Now we can proceed with the aic5 by using the **xtr** variable

```{r}
aic5 = tswge::aic5.wge(xtr,p=0:5,q=0:3,type='aic')
bic5 = tswge::aic5.wge(xtr,p=0:5,q=0:3,type='bic')
```

**Top 5 models using AIC**
`r aic5`

**Top 5 models using BIC**
`r bic5`

**PACF**
```{r}
pacf(xtr)
```

**ACF**
```{r}
p=tswge::plotts.sample.wge(xtr)
```


The PACF shows  an erratic patern up to AR(9), we can't be sure there is a pure AR model. The  sample autocorrelation shows cycling pattern extending above the value of 0.5, so we should not have an MA only model

The aic5.wge with AIC metric shows an ARMA(3,2) and ARMA(4,2) as best models. The aic.wge with BURG metric shows an ARMA(3,2) and an AR(3) as good cadidates for the final model.

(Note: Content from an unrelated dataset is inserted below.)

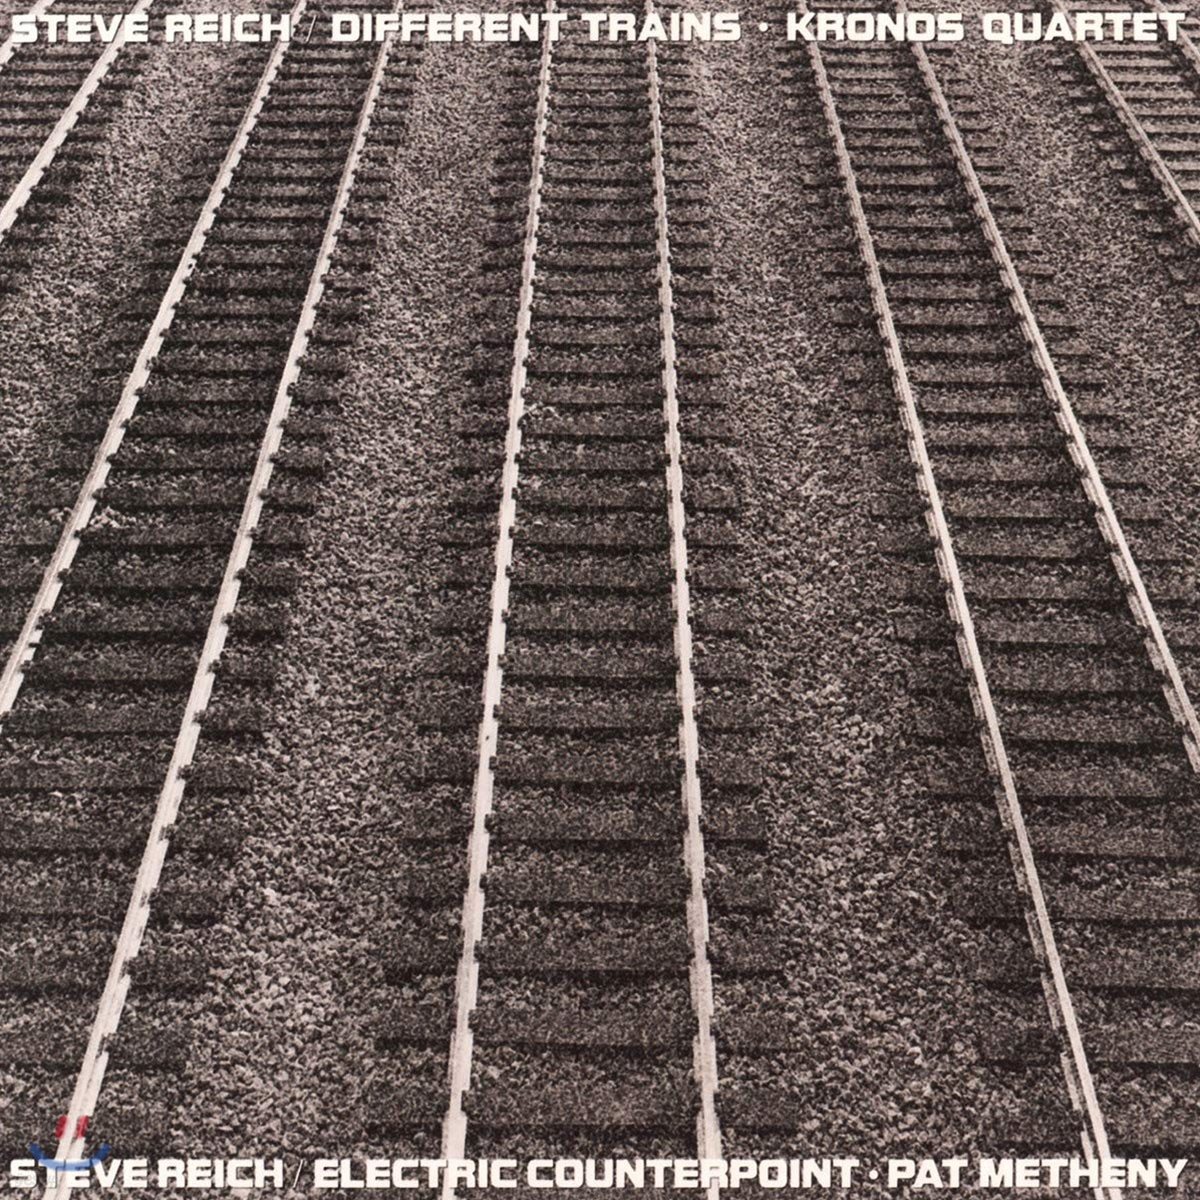 Kronos Quartet / Pat Metheny 스티브 라이히: 디퍼런트 트레인, 일렉트릭 카운터포인트 (Steve Reich: Different Trains, Electric Counterpoint)

We are going to try following models

- ARMA(3,2) with seasonality of 3 months
- ARMA(4,2) with seasonality of 3 months
- AR(3) with seasonality of 3 months

## Model 1: ARMA(3,2)  s=3

### a. Factored Form

```{r}
p=3;q=2;s=3
es=tswge::est.arma.wge(xtr,p=p,q=q)
```

**Phis**
```{r}
es$phi
if(p>1) tswge::factor.wge(phi=es$phi)
```
**Thetas**
```{r}
es$theta
if(q>1) tswge::factor.wge(phi=es$theta)
message('Variance: ',es$avar)
message('Mean: ',mean(x))
```

$$(1-B^3)(1+0.3055B+0.2485B^2+0.2817B^3)(X_t-0.00734) = (1+0.9476B+0.9635B^2)a_t$$
$$\hat{\sigma}^2_a = 4.019*10^{-6}$$ 

### b. AIC

AIC for this model is  `r aic5[aic5[,1]==p & aic5[,2]==q,3]`


### c. ASE

```{r}
ase = function(f,x){mean((f - tail(x,length(f)))^2)}
m = tswge::fore.aruma.wge(x,phi = es$phi,theta = es$theta,s=s,n.ahead = 12,lastn = T)
ase = ase(m$f,x)
message("ASE is: ",ase)
ase1=ase
```


#### Rolling Windows ASE

```{r}
asew=aseWindowed(x,phi=es$phi,theta = es$theta,s=s,horizon=12,numASEs = 30)
asew$plot
message("MEan Windowed ASE:",asew$meanASE)
aseW1=asew$meanASE
```
### d. Forecast 12 months

```{r}
m1 = tswge::fore.aruma.wge(x,phi = es$phi,theta = es$theta,s=s,n.ahead = 12,lastn = F)
```
 
 
 
## Model 2: ARMA(4,2)  s=3

### a. Factored Form

```{r}
p=4;q=2;s=3
es=tswge::est.arma.wge(xtr,p=p,q=q)
es[c('phi','theta','avar')]
```

**Phis**
```{r}
es$phi
if(p>1) tswge::factor.wge(phi=es$phi)
```
**Thetas**
```{r}
es$theta
if(q>1) tswge::factor.wge(phi=es$theta)
message('Variance: ',es$avar)
message('Mean: ',mean(x))
```

$$(1-B^3)(1+0.4071B+0.2873B^2+0.3468B^3+0.2622B^4)(X_t-0.00734) = (1+1.0002B+0.996B^2)a_t$$ 

$$\hat{\sigma}^2_a = 4.6616*10^{-6}$$ 


### b. AIC

AIC for this model is  `r aic5[aic5[,1]==p & aic5[,2]==q,3]`

### c. ASE

```{r}
ase = function(f,x){mean((f - tail(x,length(f)))^2)}
m = tswge::fore.aruma.wge(x,phi = es$phi,theta = es$theta,s=s,n.ahead = 12,lastn = T)
ase = ase(m$f,x)
message("ASE is: ",ase)
ase2=ase
```


#### Rolling Windows ASE

```{r}
asew=aseWindowed(x,phi=es$phi,theta = es$theta,s=s,horizon=12,numASEs = 30)
asew$plot
message("MEan Windowed ASE:",asew$meanASE)
aseW2=asew$meanASE
```
### d. Forecast 12 months

```{r}
m1 = tswge::fore.aruma.wge(x,phi = es$phi,theta = es$theta,s=s,n.ahead = 12,lastn = F)
```
 
 
 
## Model 3: AR(3)  s=3

### a. Factored Form

```{r}
p=3;q=0;s=3
message("Finding p using MLE:")
esM=tswge::est.ar.wge(xtr,p=p,type='mle')
message("Finding p using BURG:")
esB=tswge::est.ar.wge(xtr,p=p,type='burg')
es=esM
```

We see there is very small differnece between MLE and BURG, we use MLE for the slightest higher Abs Reciprocal


**Phis**
```{r}
es$phi
message('Variance: ',es$avar)
message('Mean: ',mean(x))
```

$$(1-B^3)(1-0.332B+0.0347B^2+0.4645B^3)(X_t-0.00734) = a_t$$
$$\hat{\sigma}^2_a = 5.259*10^{-6}$$   

### b. AIC

AIC for this model is  `r aic5[aic5[,1]==p & aic5[,2]==q,3]`

### c. ASE

```{r}
ase = function(f,x){mean((f - tail(x,length(f)))^2)}
m = tswge::fore.aruma.wge(x,phi = es$phi,s=s,n.ahead = 12,lastn = T)
ase = ase(m$f,x)
message("ASE is: ",ase)
ase3=ase
```


#### Rolling Windows ASE

```{r}
asew=aseWindowed(x,phi=es$phi,theta = 0,s=s,horizon=12,numASEs = 30)
asew$plot
message("MEan Windowed ASE:",asew$meanASE)
aseW3=asew$meanASE
```
### d. Forecast 12 months

```{r}
m1 = tswge::fore.aruma.wge(x,phi = es$phi,s=s,n.ahead = 12,lastn = F)
```
 
# Summary
 
 MODEL | ASE | Rolling Windows ASE 
 ------|-----|-------------
 ARMA(1,2) s=3 | $`r ase1`$ | $`r aseW1`$
 ARMA(2,1) s=3 | $`r ase2`$ | $`r aseW2`$
 ARMA(1,0) s=3 | $`r ase3`$ | $`r aseW3`$


The model ARMA(1,2) with seasonality of 3 months shows the lowest ASE and Rolling Windows ASE.